Derek lets him get it out of his system, thoroughly enjoying the show, particularly that little gem at the end he can add to running list of ridiculous Stiles-vocabulary. While his catastrophic past relationships are never going to be his favorite topic of discussion, he decides to set the record straight before the sound of eggshells being trod underfoot drives him up the wall. “She didn’t nab me at a playground, Stiles. I was sixteen, a werewolf, and angry. She was beautiful, older, and dangerous; yes, I knew who she was the whole time. Close your mouth before swallow a fly.” Derek can enjoy an accidental/deliberate tongue-slip now again too. He picks Stiles’s present up off the table and tosses it to him. “Here.”

Stiles fumbles the box, drops it, and stares stupidly as the baseball bat inside falls out and rolls away. “What the..?”

“It’s called a baseball bat,” Derek says mildly.

That gets him a scowl. Better. “I know that,” Stiles snaps. “Why are _you_ giving _me_ a baseball bat?”

“Because I don’t want to have to deal with Scott’s moping after you get your stupid ass killed.”

Stiles snorts and rolls his eyes. “I get it. This is part two of the Make Stiles Useful Initiative, huh?”

Catchy title. “Just pick up the bat and try to kill me.”

“ _With_ the bat?”

“Yes, Stiles, _with_ the bat.”

“Damn, _so_ close.”

Derek watches closely as Stiles picks up the bat, curious to see if the kid will react in any way to it. The length of seasoned oak, formerly a leg on his parents’ dining room table, came from the Nemeton after all.

Nothing in particular happens, which is something of a relief.

“Okay, so, here I come, I guess,” Stiles mutters, advancing on him.

Derek catches the first half-hearted swing with his hand, stopping it cold.

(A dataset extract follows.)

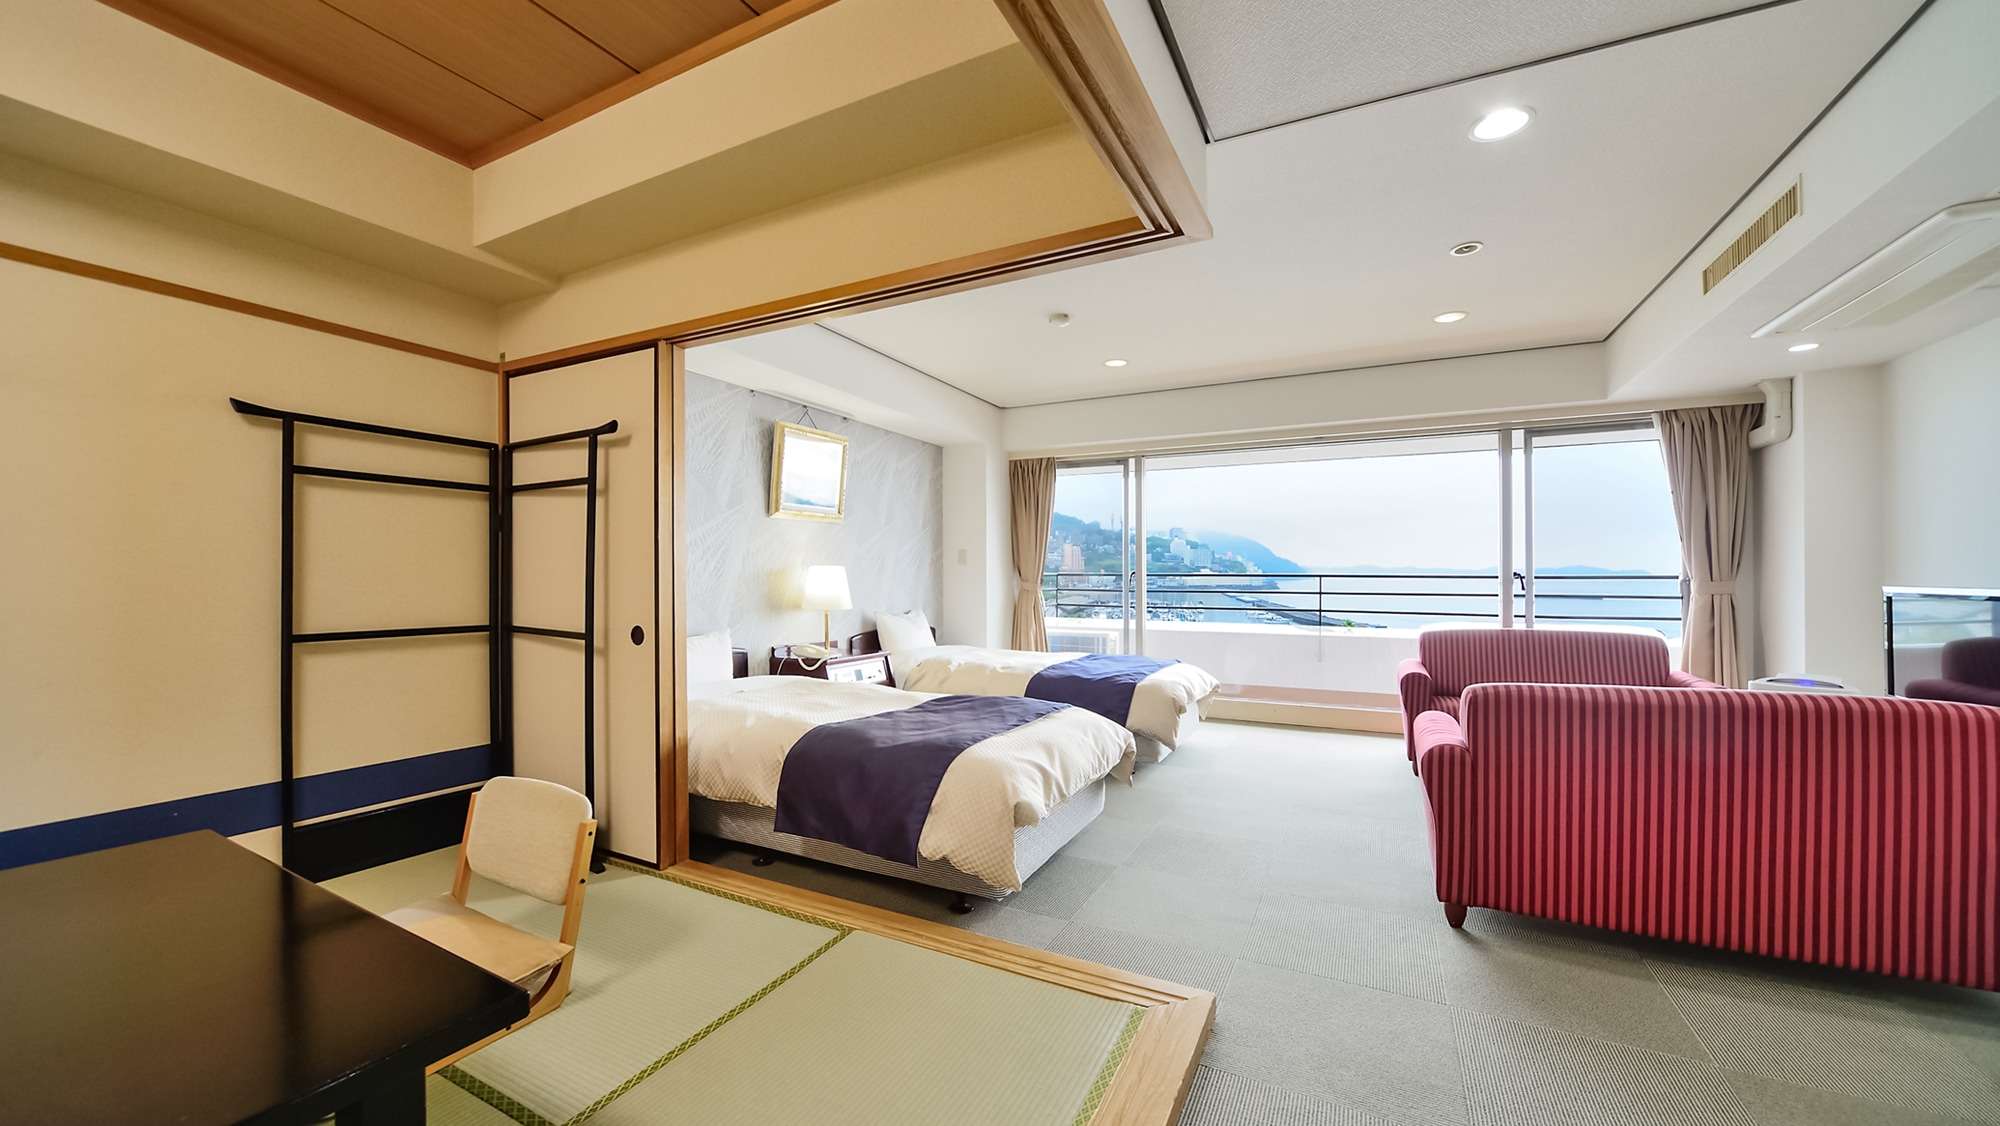 Overlooking Atami Bay! Rooms boasting ocean views

He jerks the bat out of the kid’s hands and shoves him roughly with the butt. “Too slow. A club is hard weapon and needs a hard target.”

“Dude, _everything_ about you is hard,” Stiles mutters, snatching back the bat.

It’s probably meant to be a commentary on his personality, but Derek elects to take it as a compliment on his physique, changes his mind and converts it back to insult at the uncomfortable idea of Stiles looking at him like _that_. “Target long bones without much padding. Shins. Collarbones. Joints are better; they have to be put back into place before they can heal, which gives you time to run away.” Not that Stiles has any idea how to _do_ that.

“Go for the crunchy bits. Got it.”

This time Derek simply slips aside the lazy overhead swing. The reprimand dies on his lips when Stiles abruptly drops his weight down and to the side, whipping the bat laterally with all his momentum behind it.

Derek’s never had a broken kneecap before. Experiencing new things is all well and good, but this one he could have done without. “Better,” he grunts, keeping his weight on his good leg while the bone knits back together. “But where’s the follow through? Come on, you’ve wanted to do this since they day we met.”

Stiles rolls his eyes. “Yeah, well, back then kicking your ass was a Big Deal, but by the time I actually got there it was kind of like meh, who hasn’t?”

“Touché. Again.”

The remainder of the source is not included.